*** Begin section ***
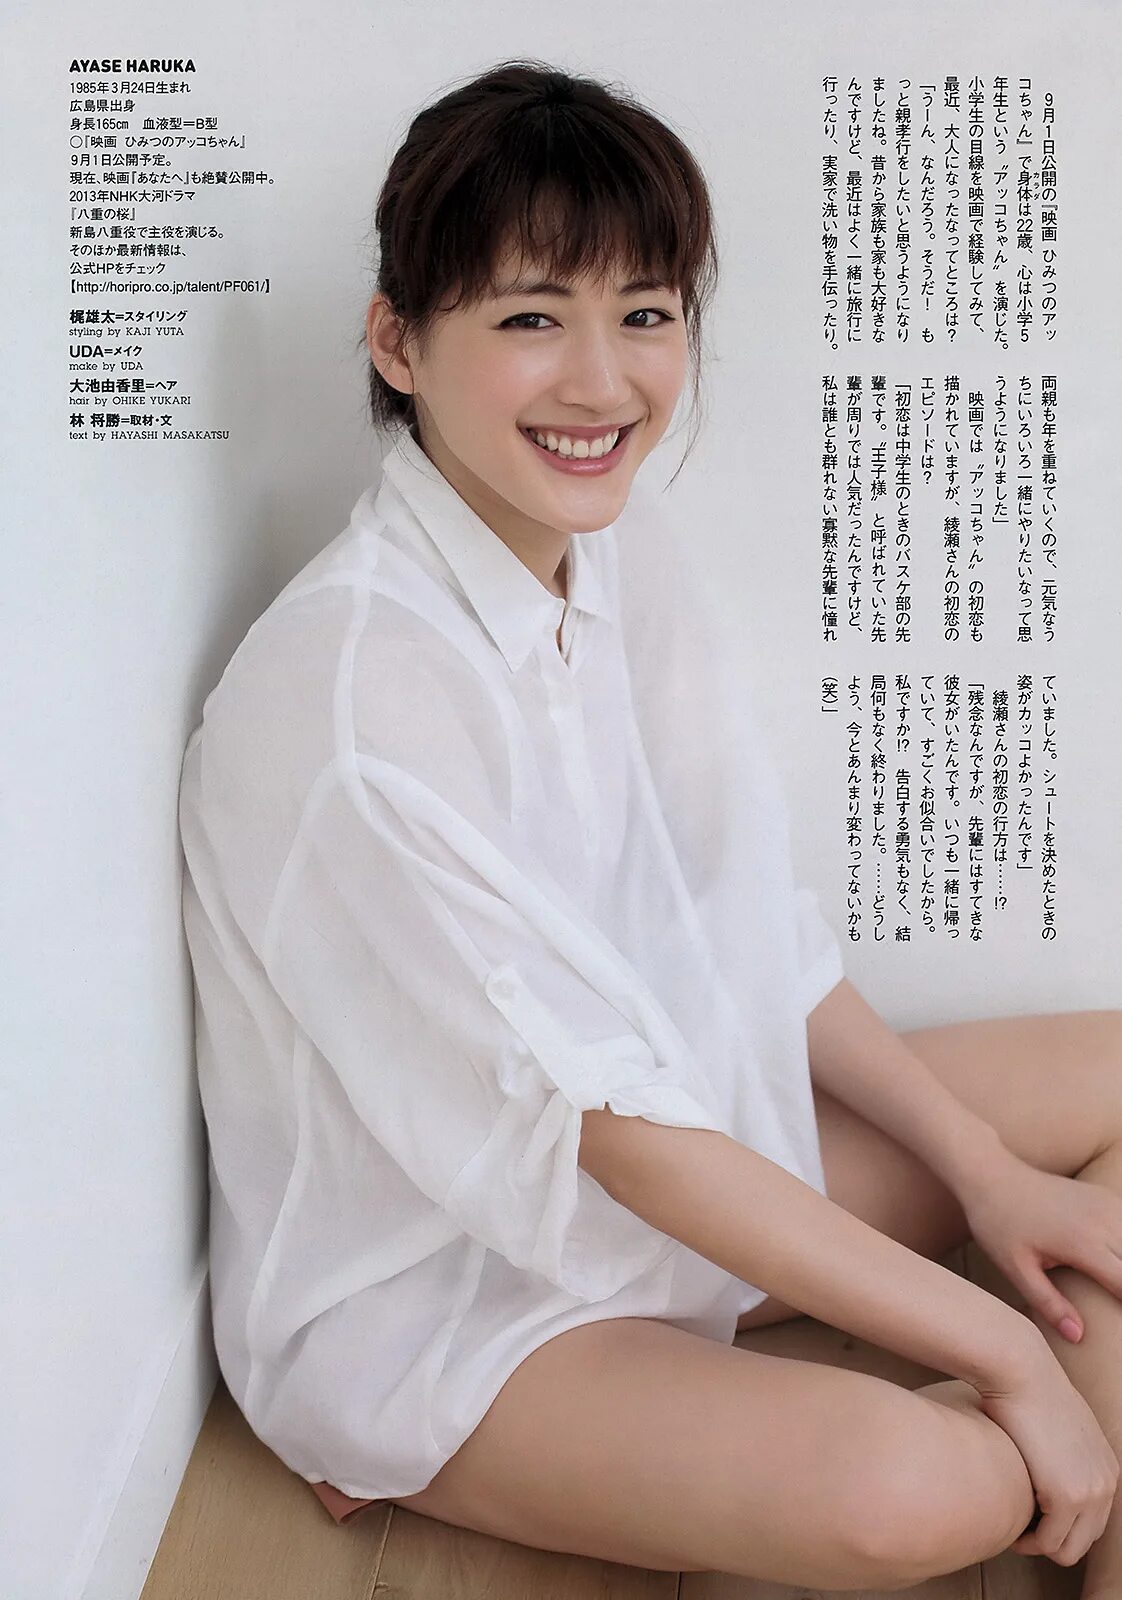 Харука аясэ. Аясе Харука актриса. Харука Аясэ (Haruka Ayase). Харука Аясэ +18.
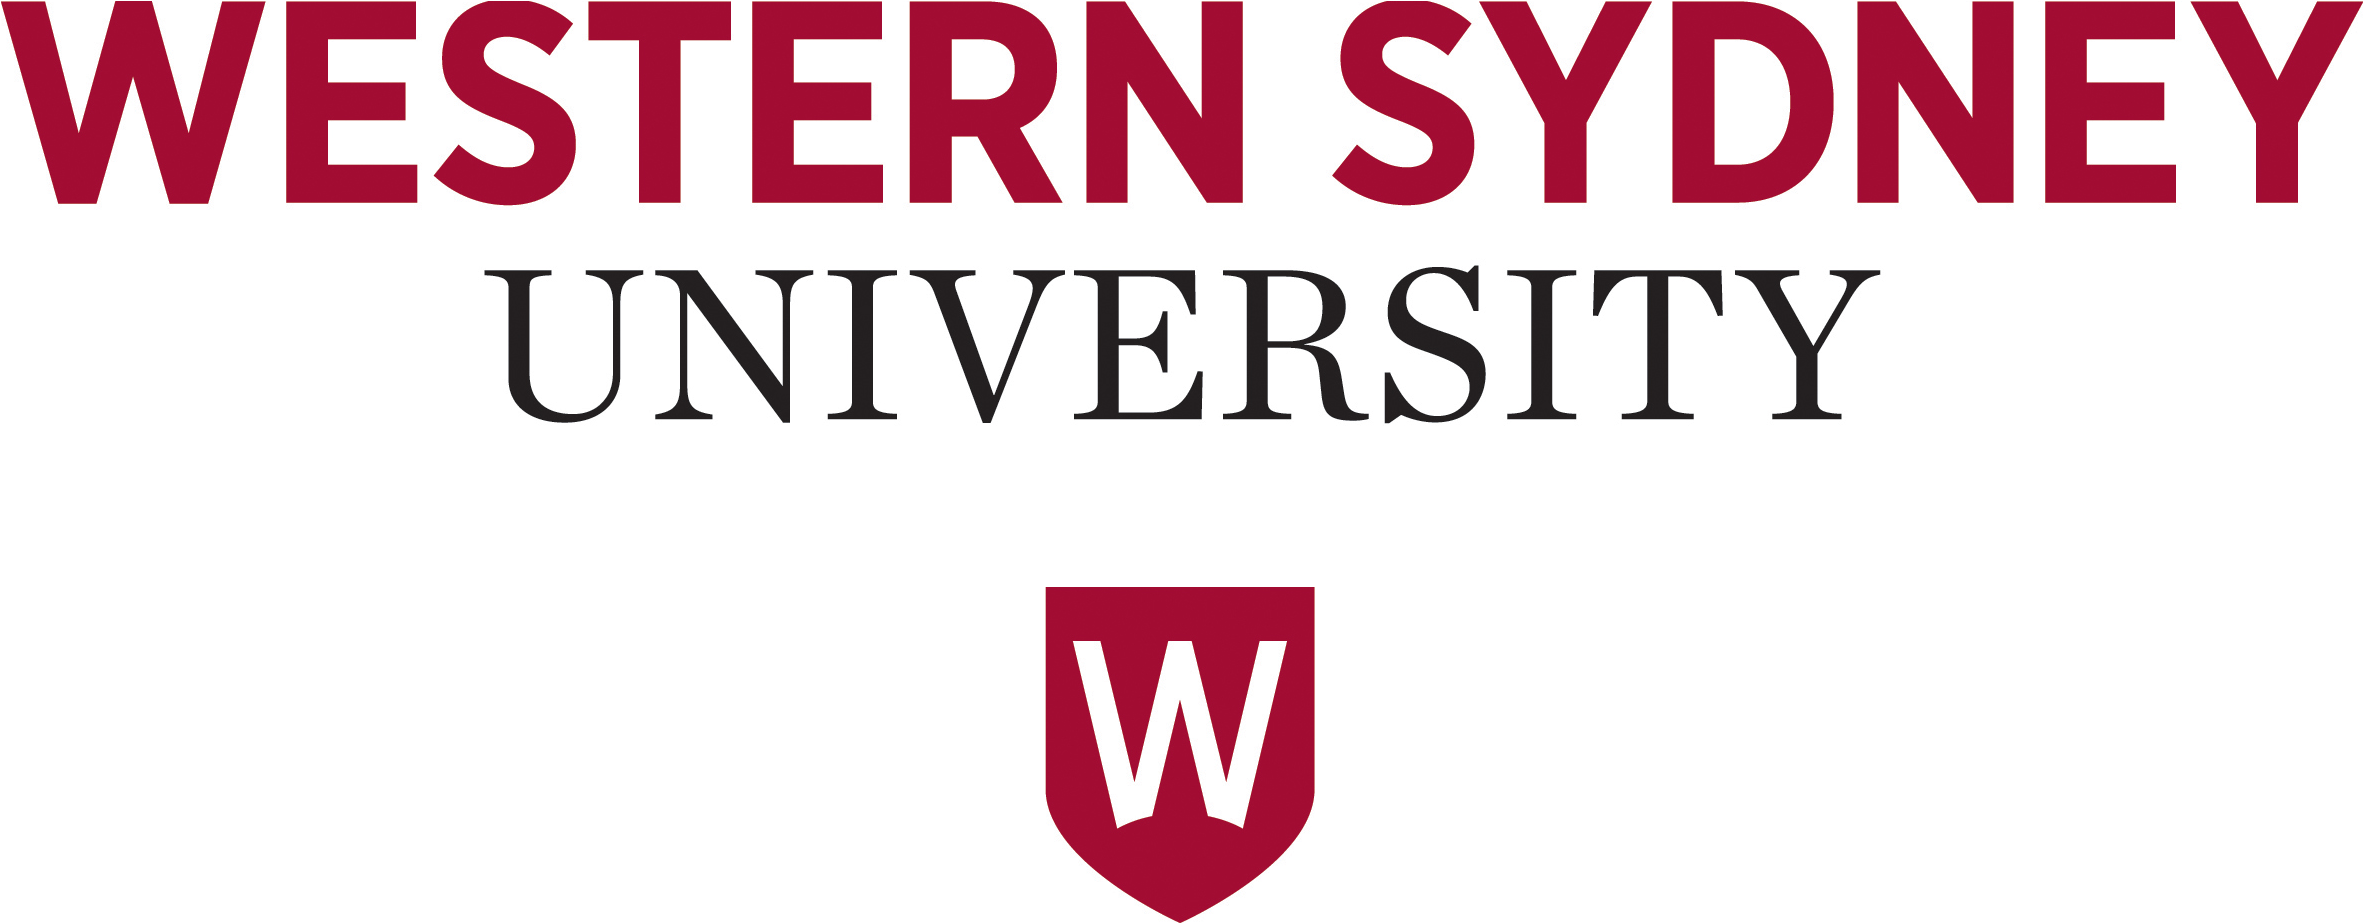 Western_Sydney_University_logo.png
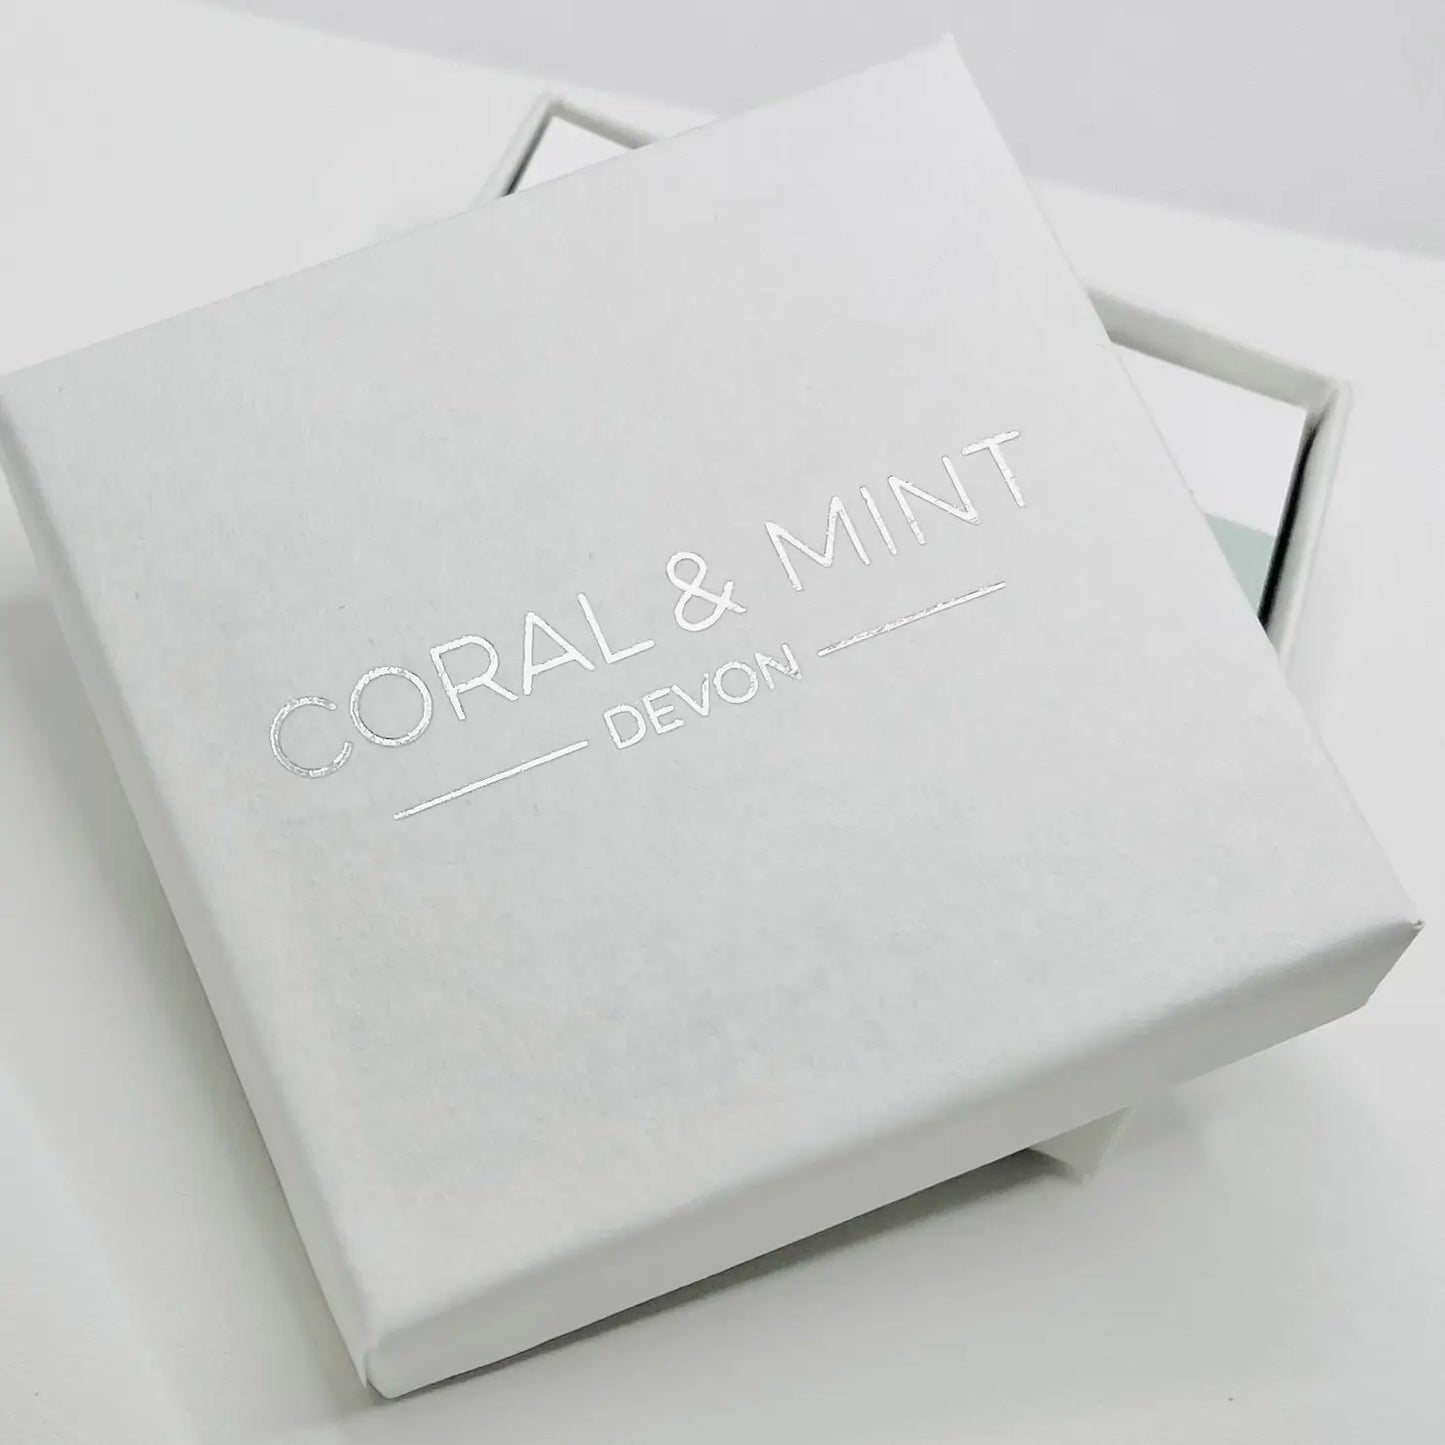 Coral & Mint gift box - Eve & Flamingo
*** End section ***
Exercise instructions: Keep the pictures out of the copy and write out the data exactly as it stands.

Solution to this exercise:
 Харука аясэ. Аясе Харука актриса. Харука Аясэ (Haruka Ayase). Харука Аясэ +18.
 Western_Sydney_University_logo.png
 Coral & Mint gift box - Eve & Flamingo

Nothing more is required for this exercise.